• Activity:
An exact copy is needed of the lines in the entries below from the line with "women's winter wedge boots" up to and including the line with "Female anatomy visualization.", and of nothing else. Leave the pictures out.

• Supplied records:
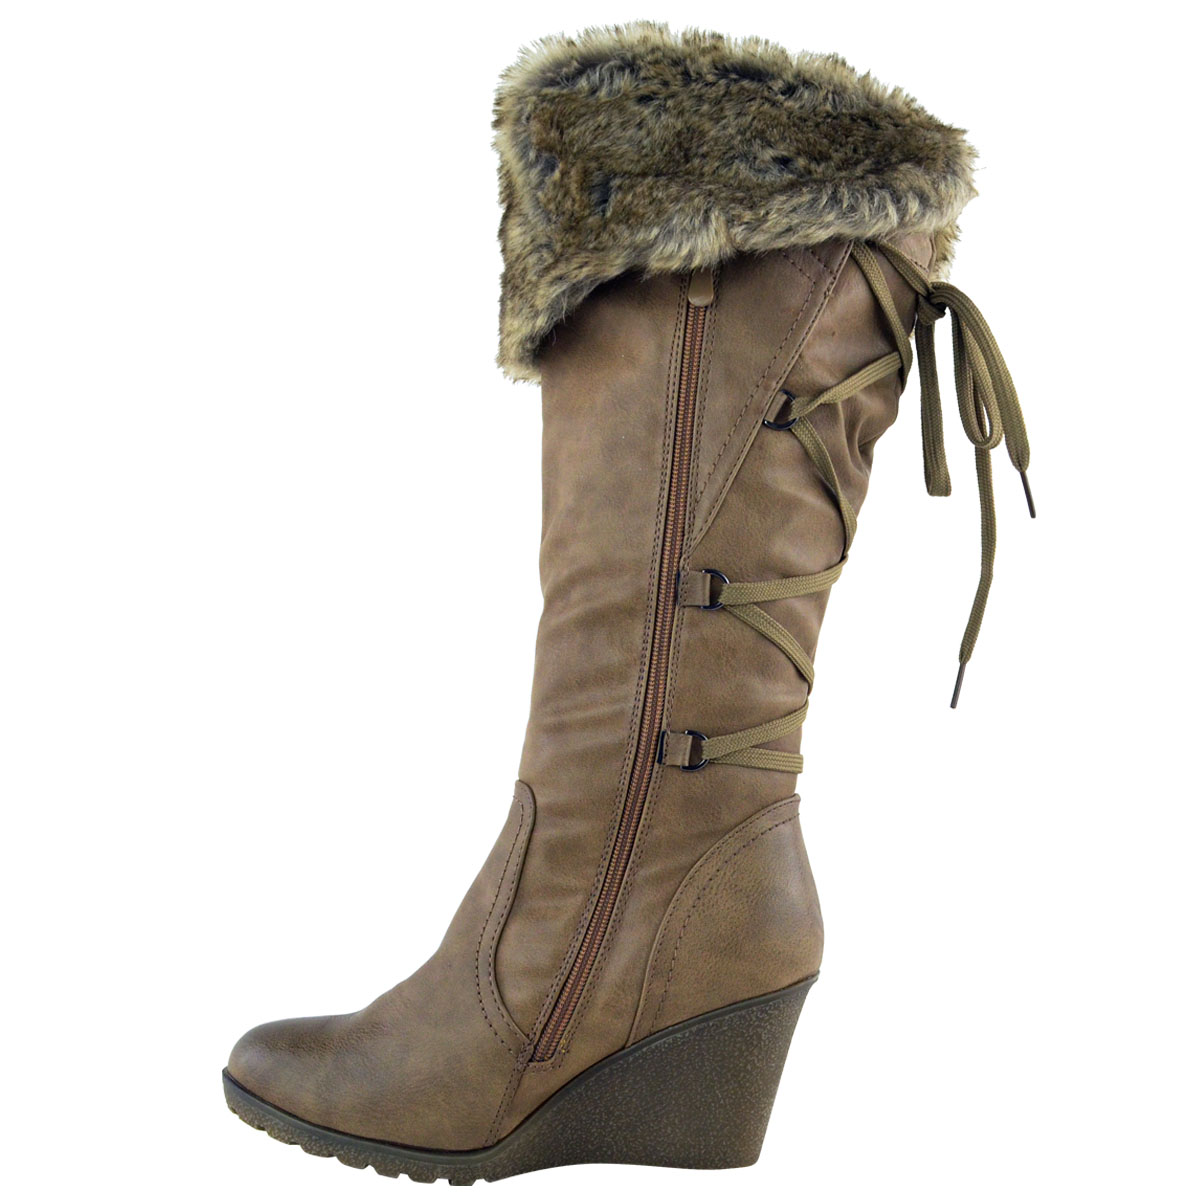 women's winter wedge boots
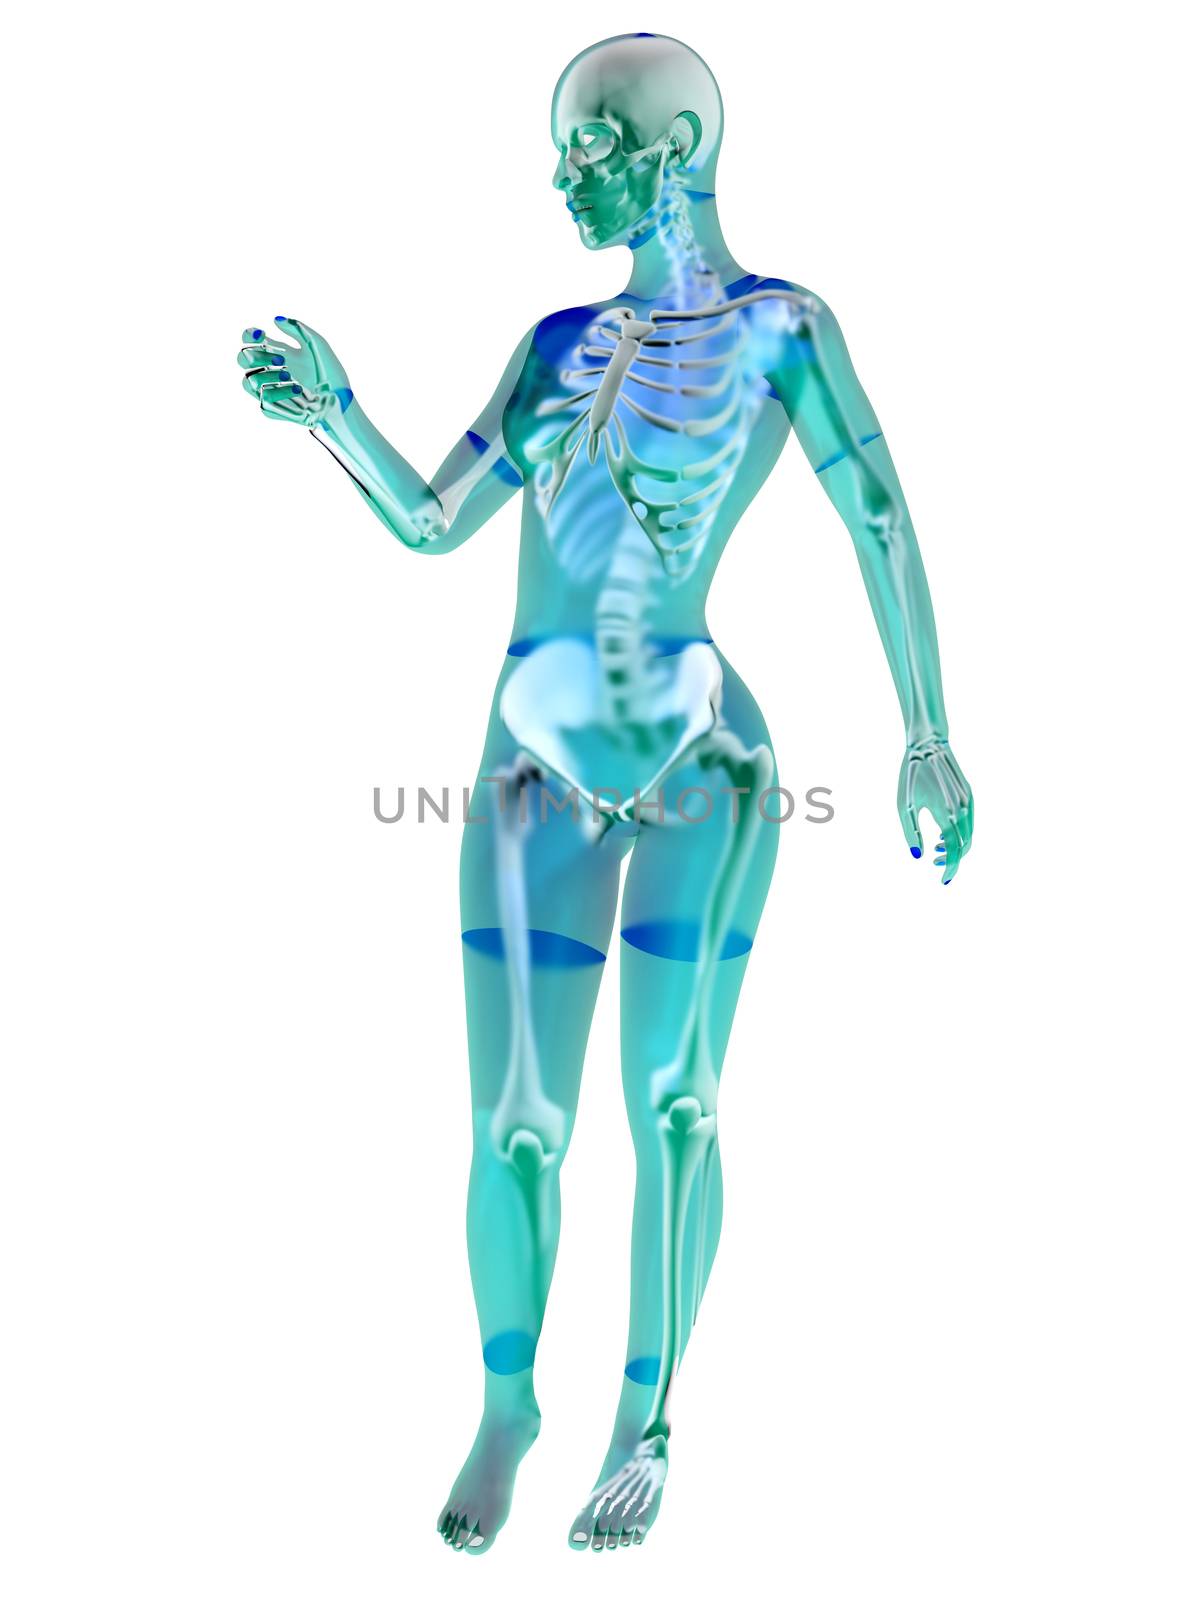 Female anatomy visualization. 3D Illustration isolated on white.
--
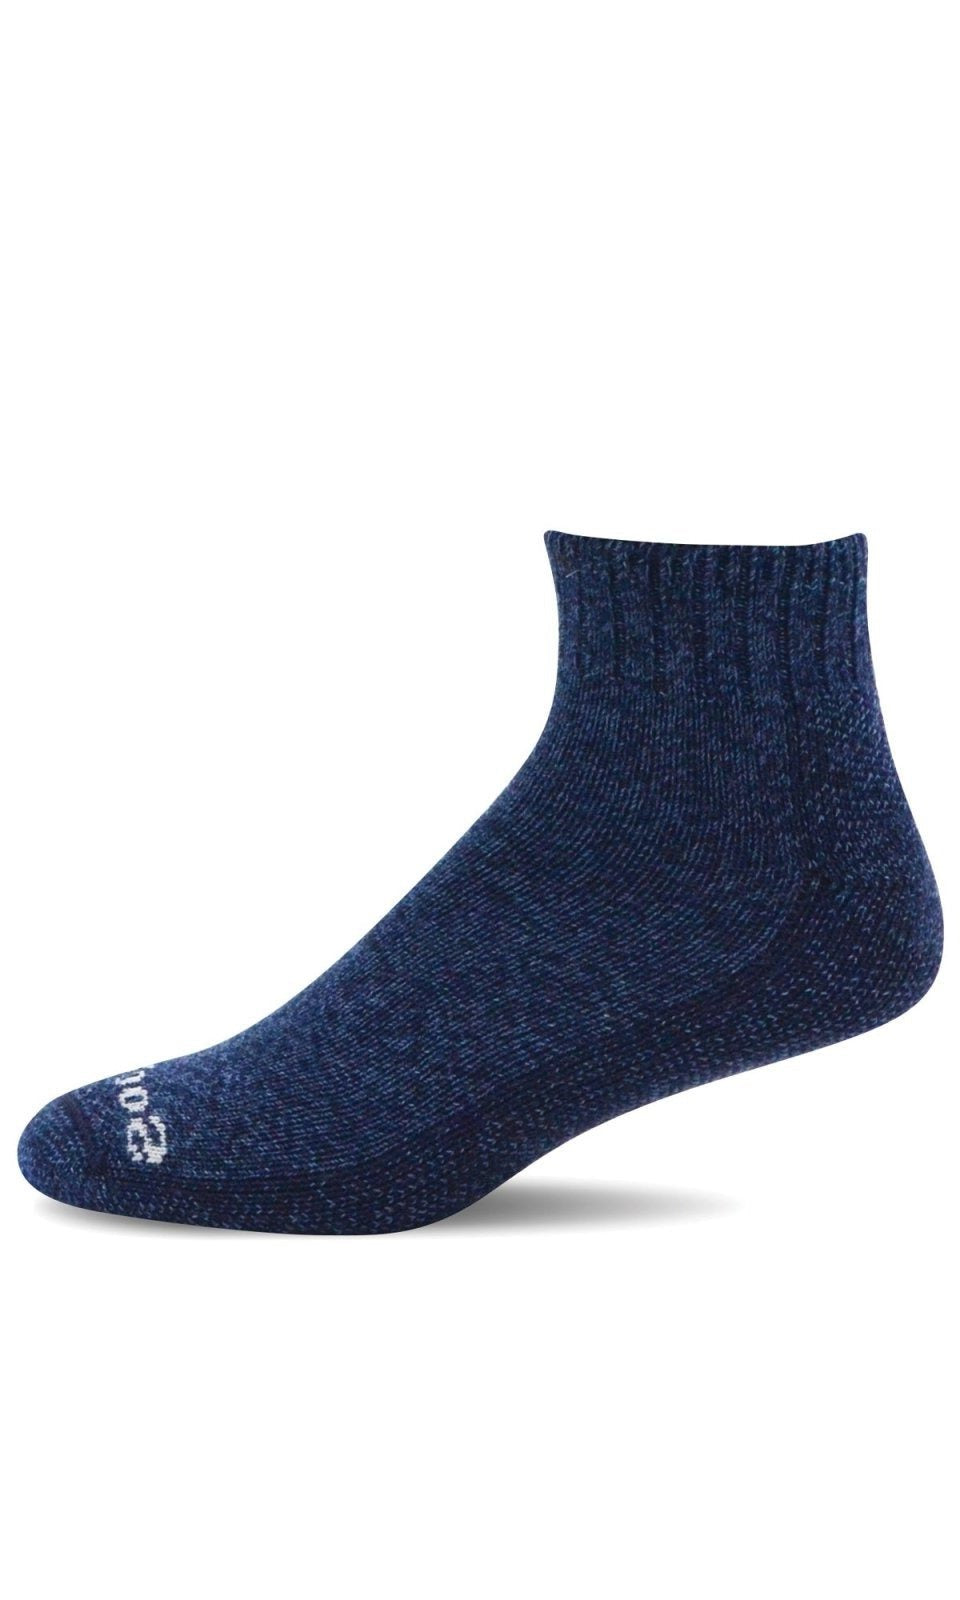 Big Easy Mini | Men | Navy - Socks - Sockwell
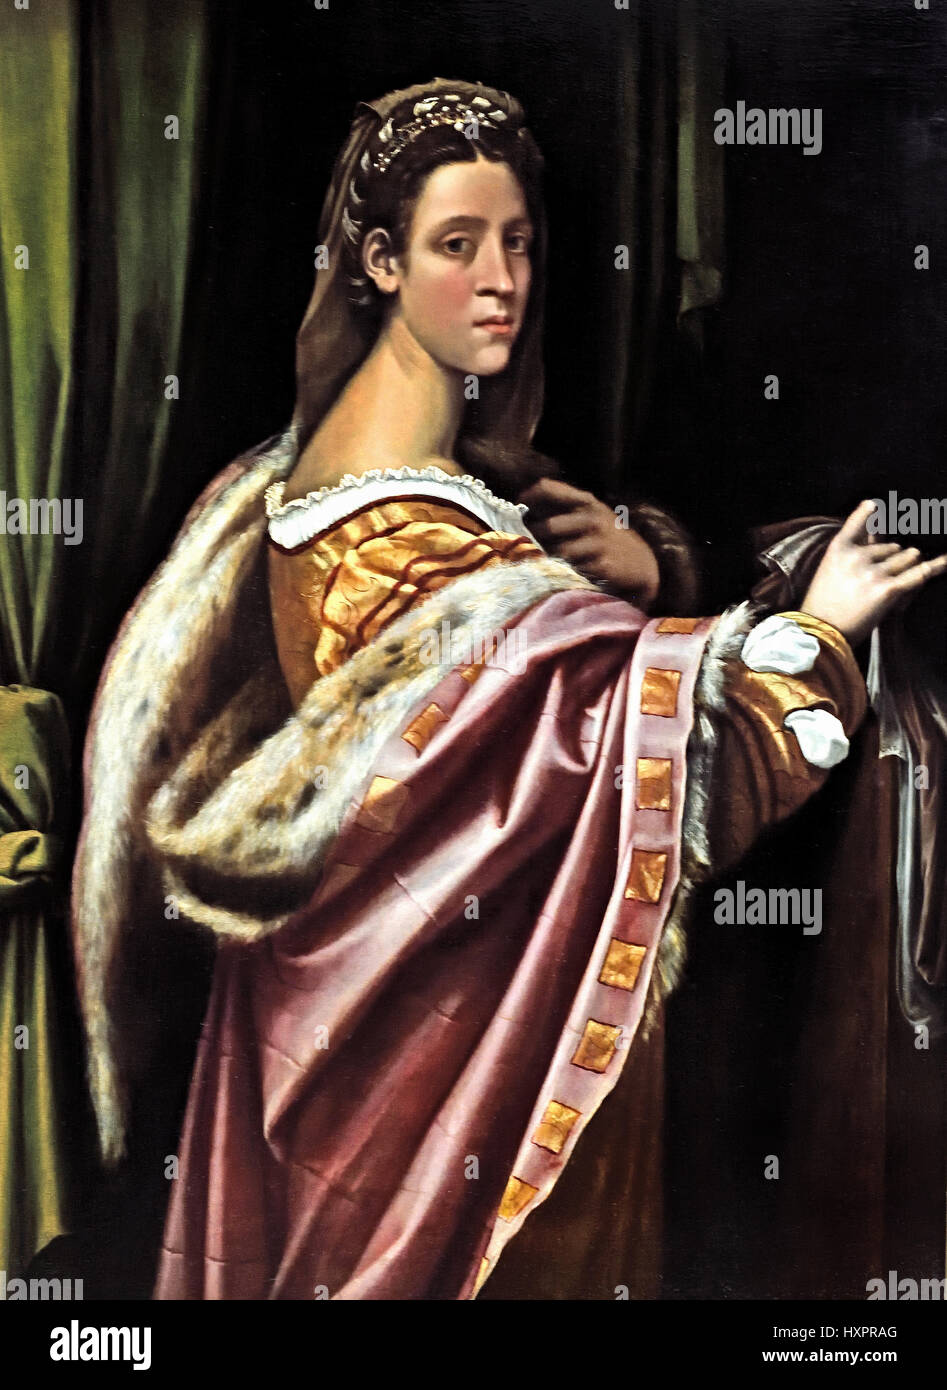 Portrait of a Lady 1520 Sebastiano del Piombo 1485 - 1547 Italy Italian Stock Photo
...
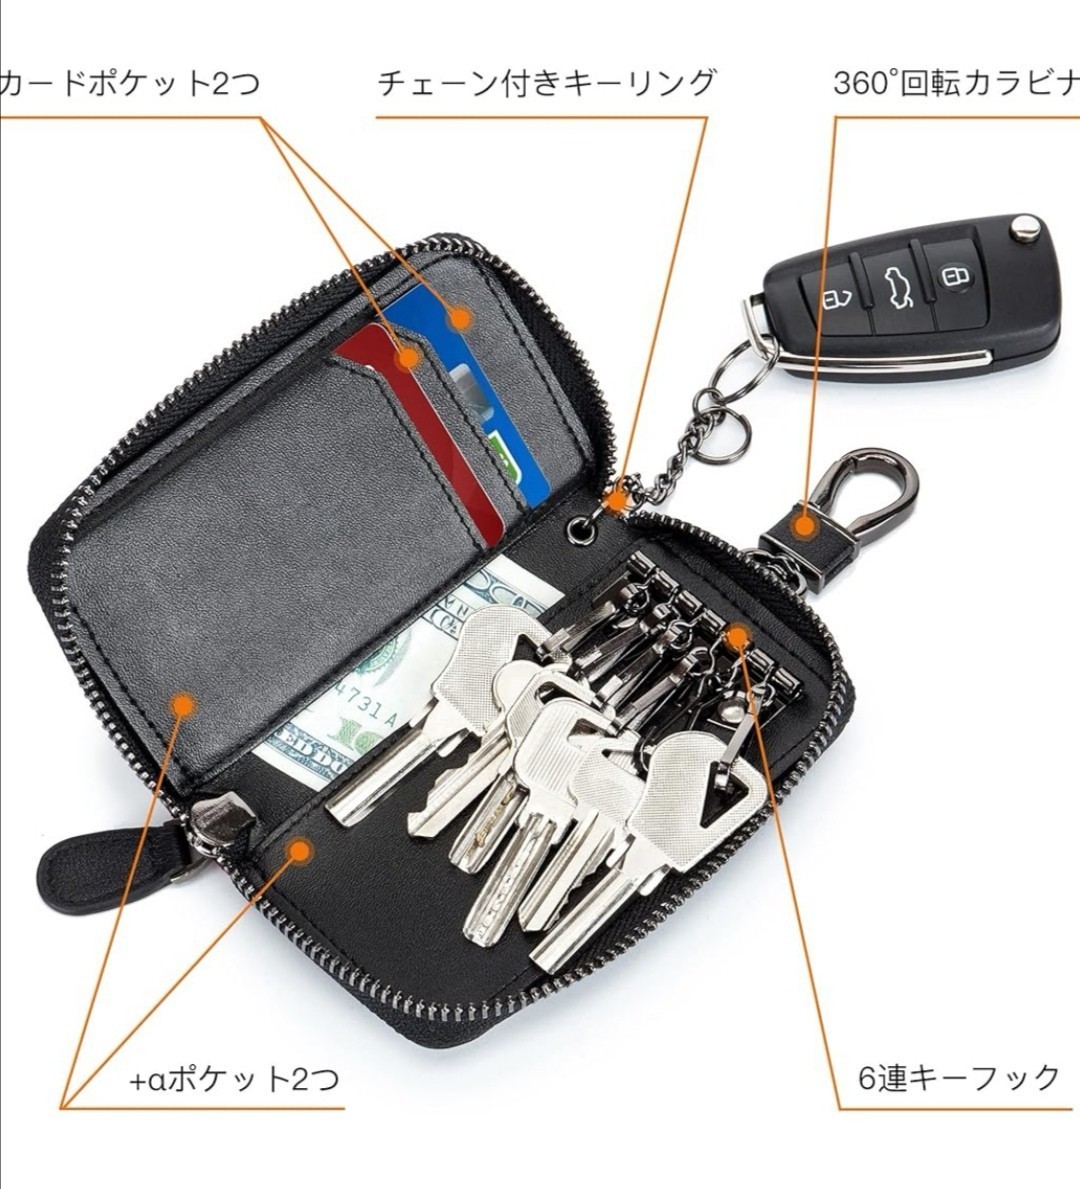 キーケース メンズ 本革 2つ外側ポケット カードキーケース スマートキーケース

• Solution below:
 women's winter wedge boots
 Female anatomy visualization. 3D Illustration isolated on white.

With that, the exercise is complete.